TO DO - Leave out the pictures and restate the rest of the data exactly.

DATA BELOW: Begin

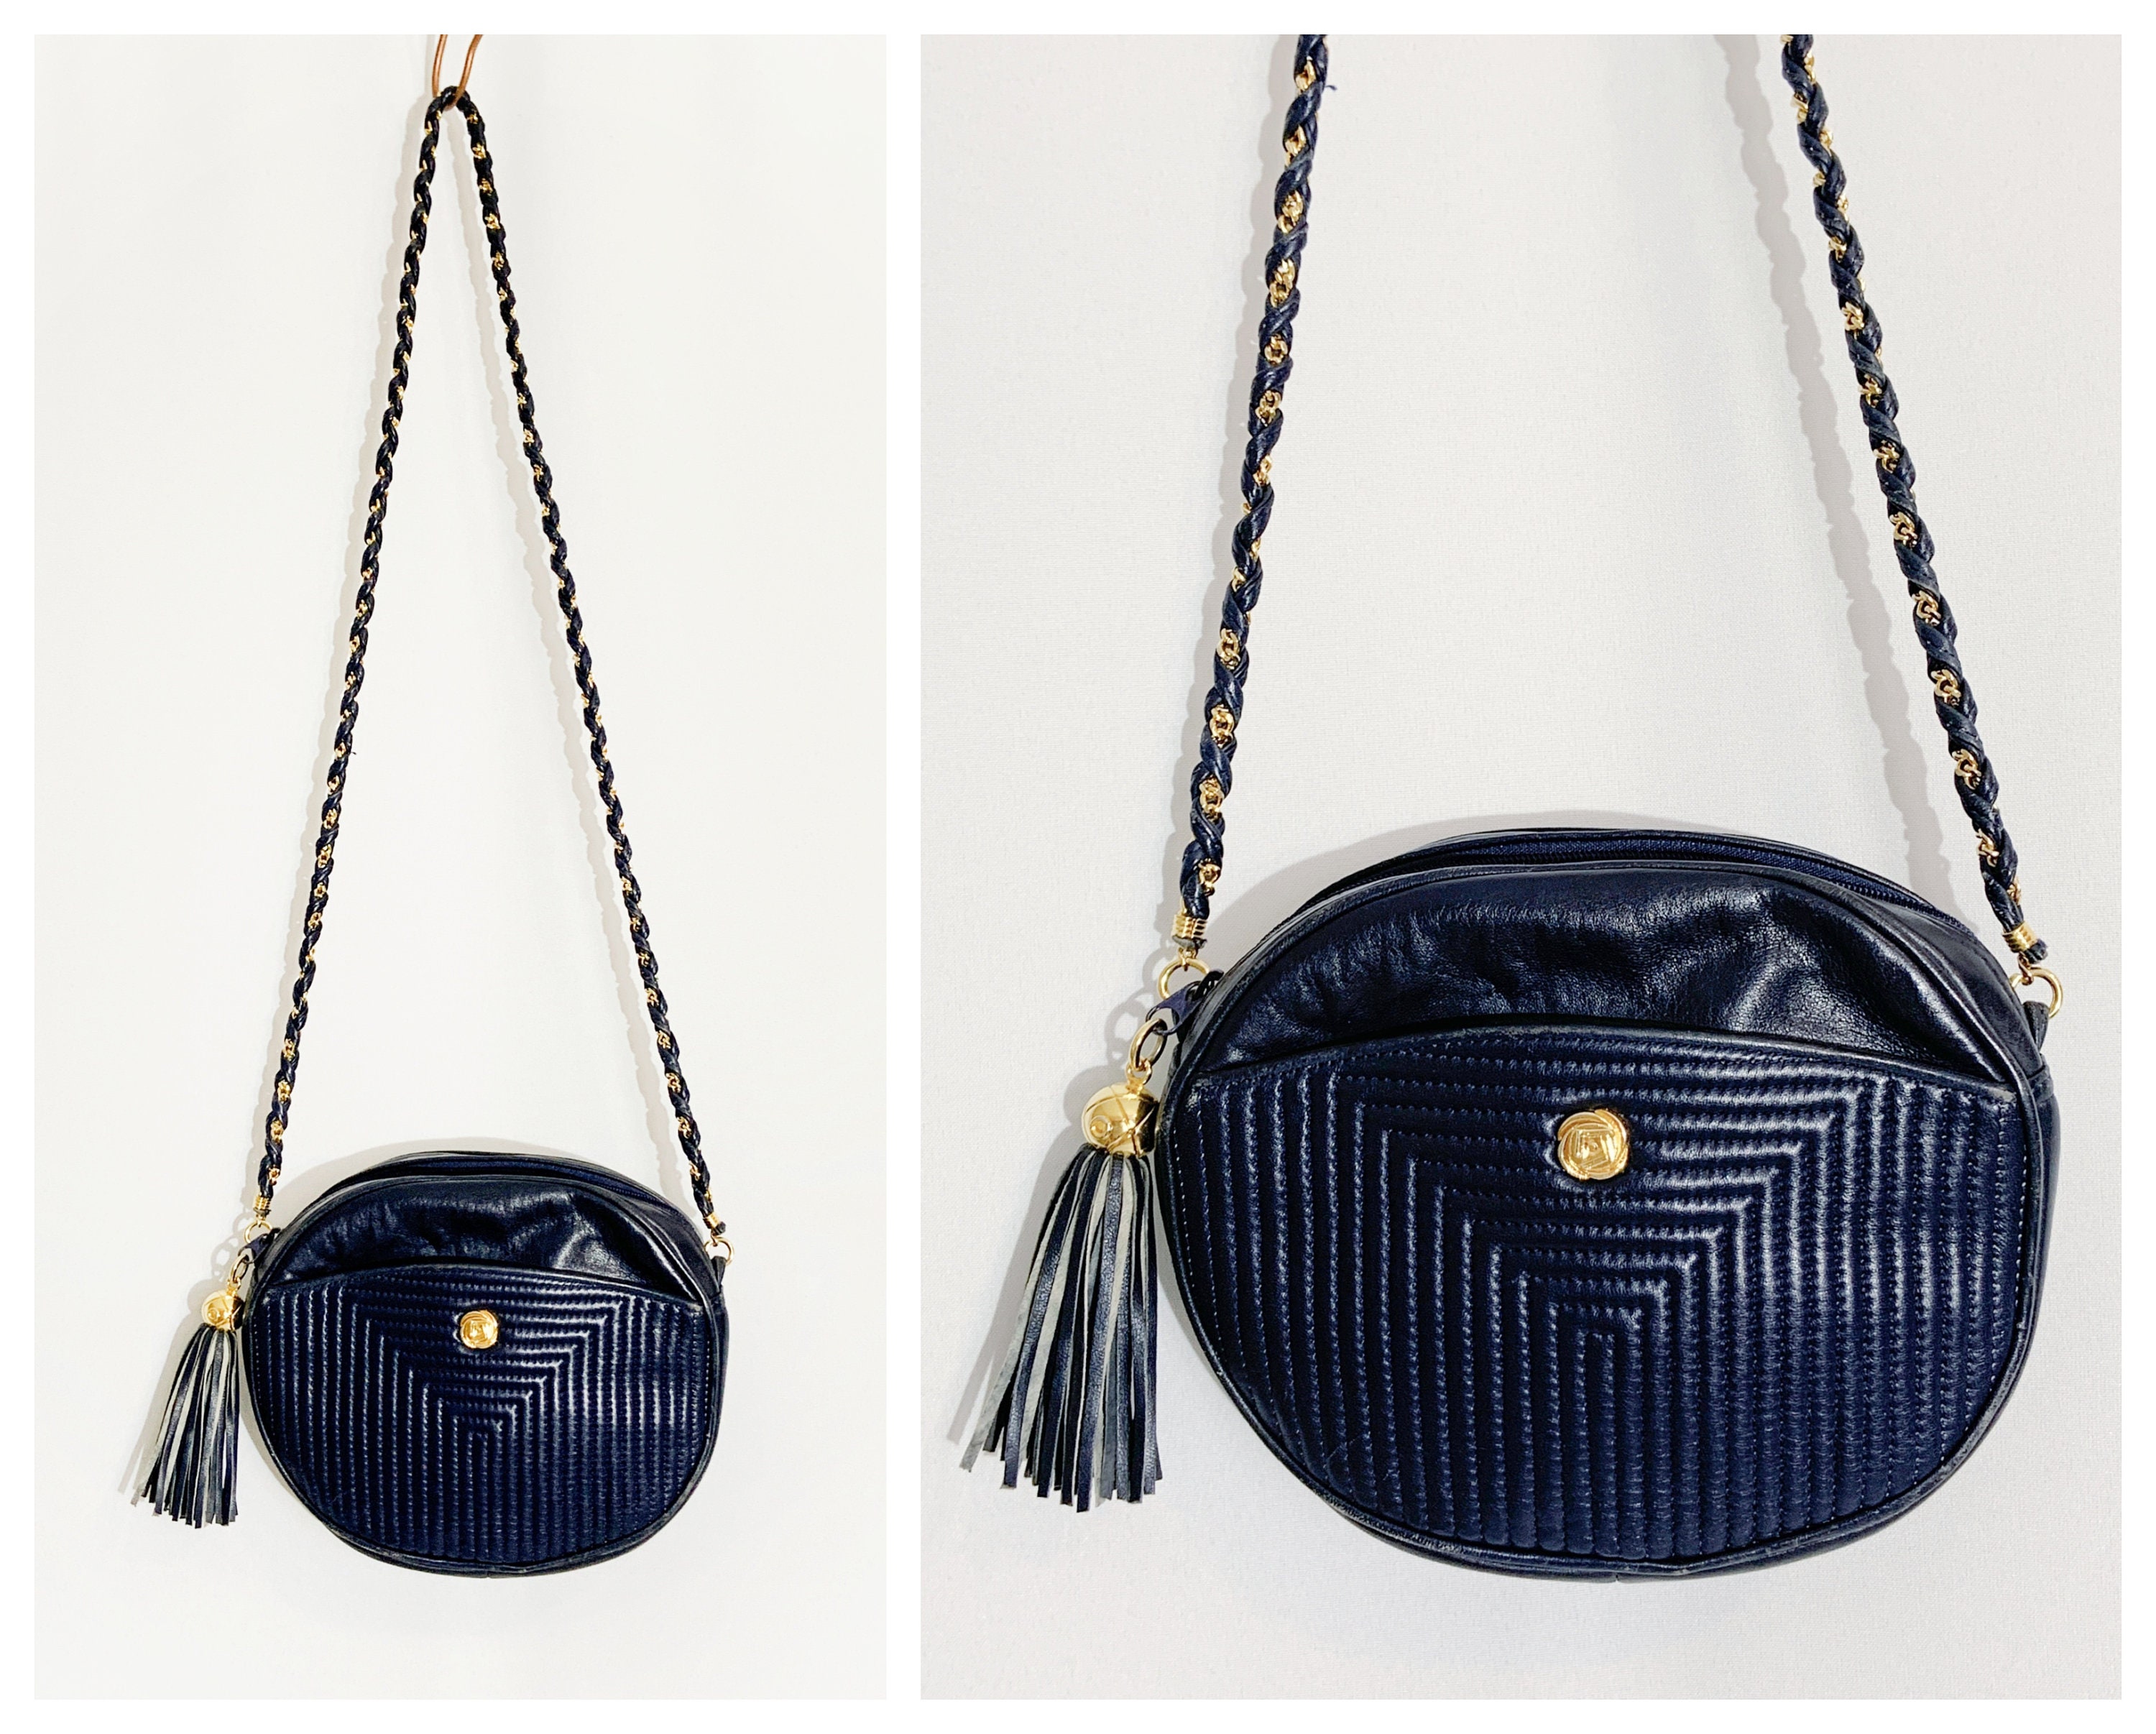 Chanel Tweed Clover Bowler Satchel - FINAL SALE, Chanel Handbags
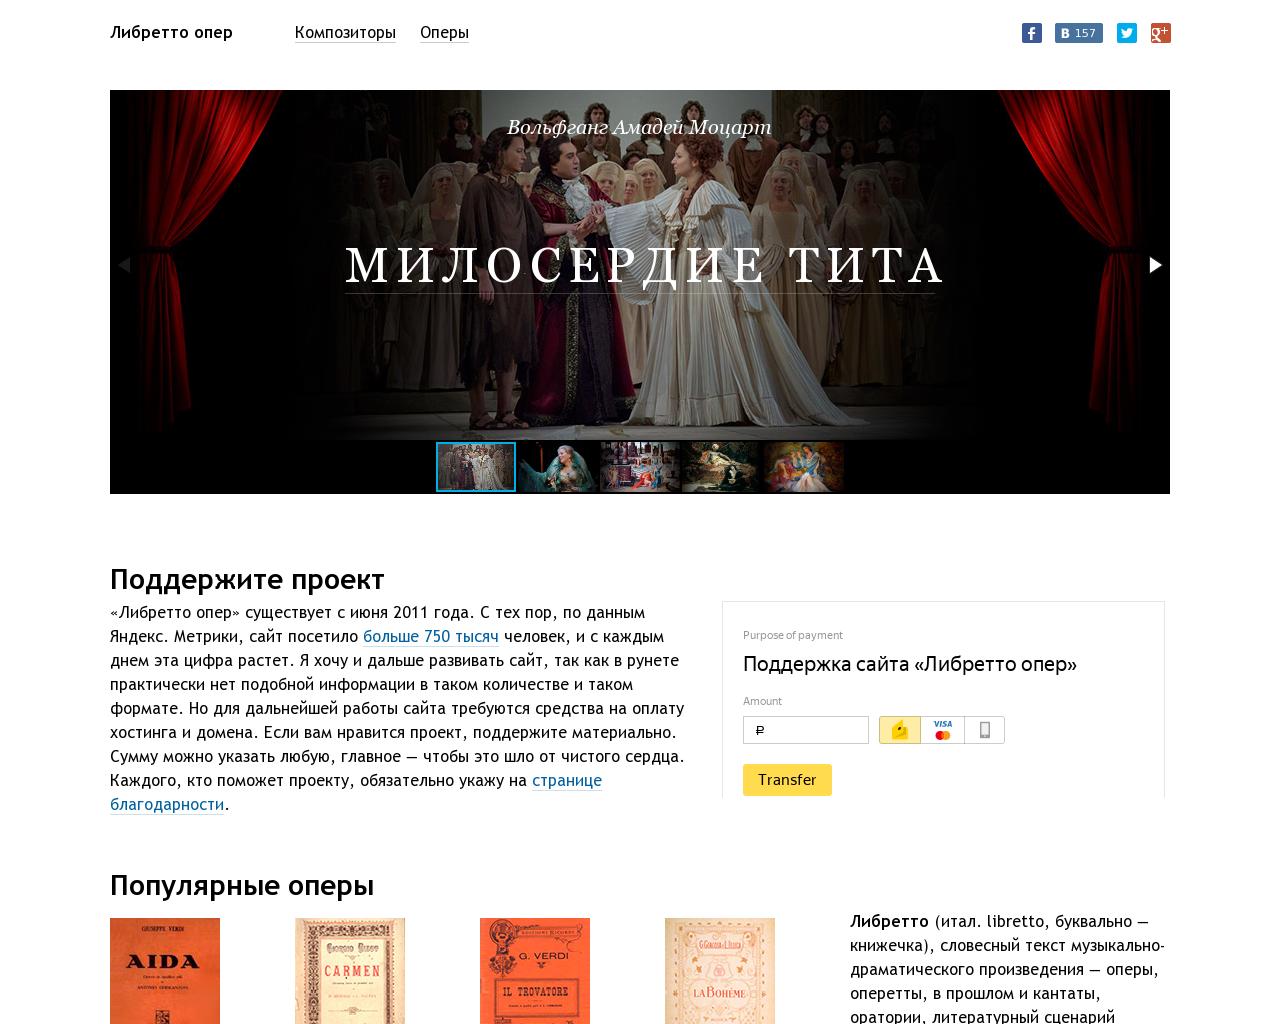 Изображение сайта libretto-oper.ru в разрешении 1280x1024
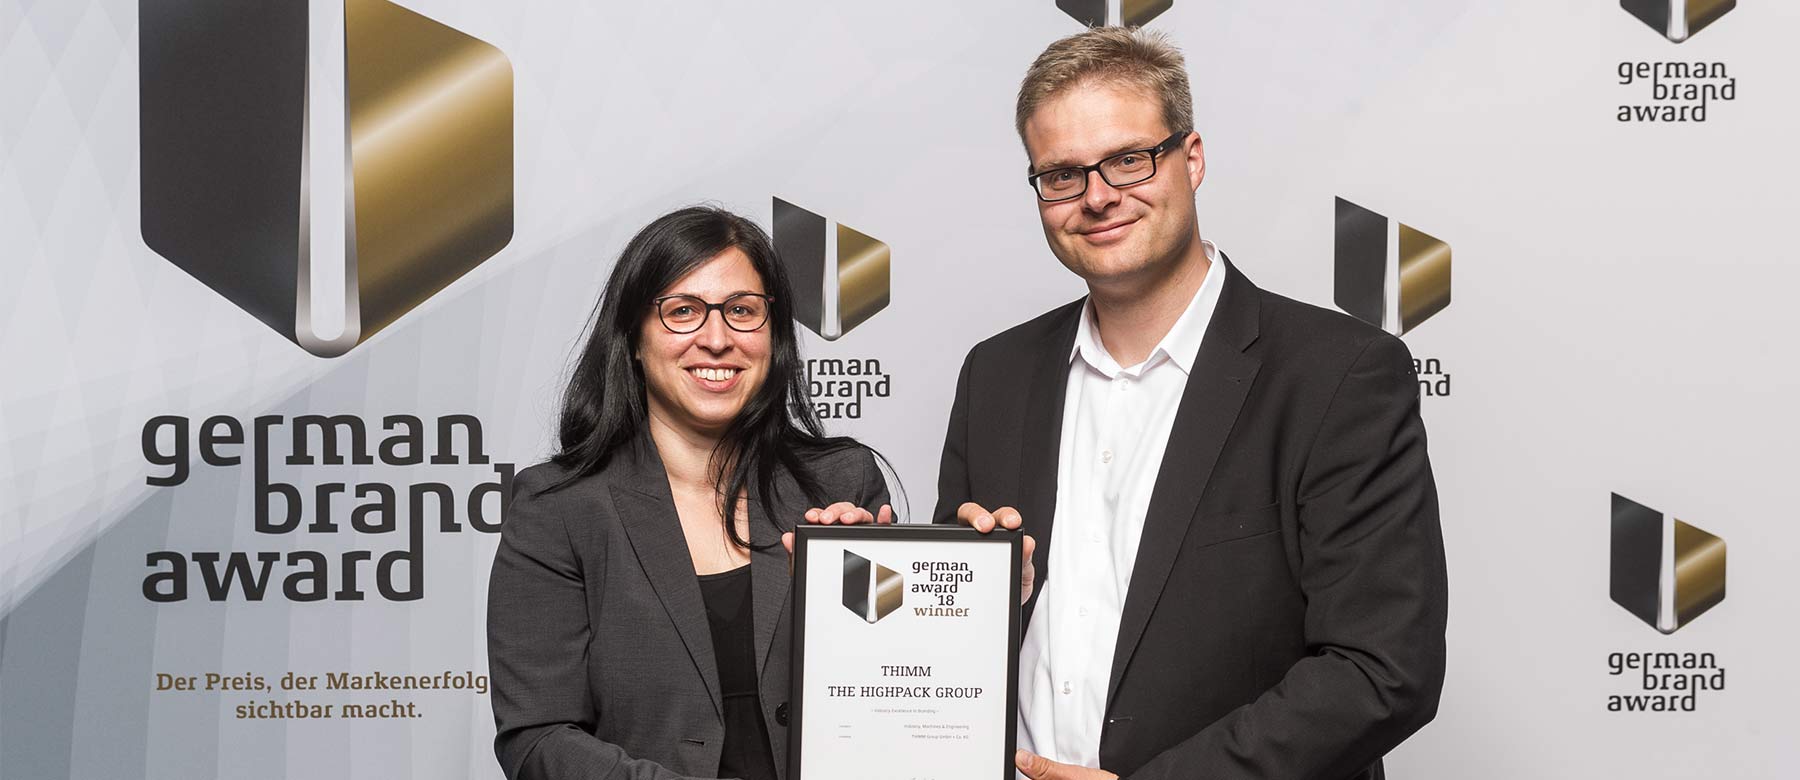 German Brand Award 2018

DATA BELOW: End

RESPONSE AREA -
 Chanel Tweed Clover Bowler Satchel - FINAL SALE, Chanel Handbags
 Изображение сайта libretto-oper.ru в разрешении 1280x1024
 German Brand Award 2018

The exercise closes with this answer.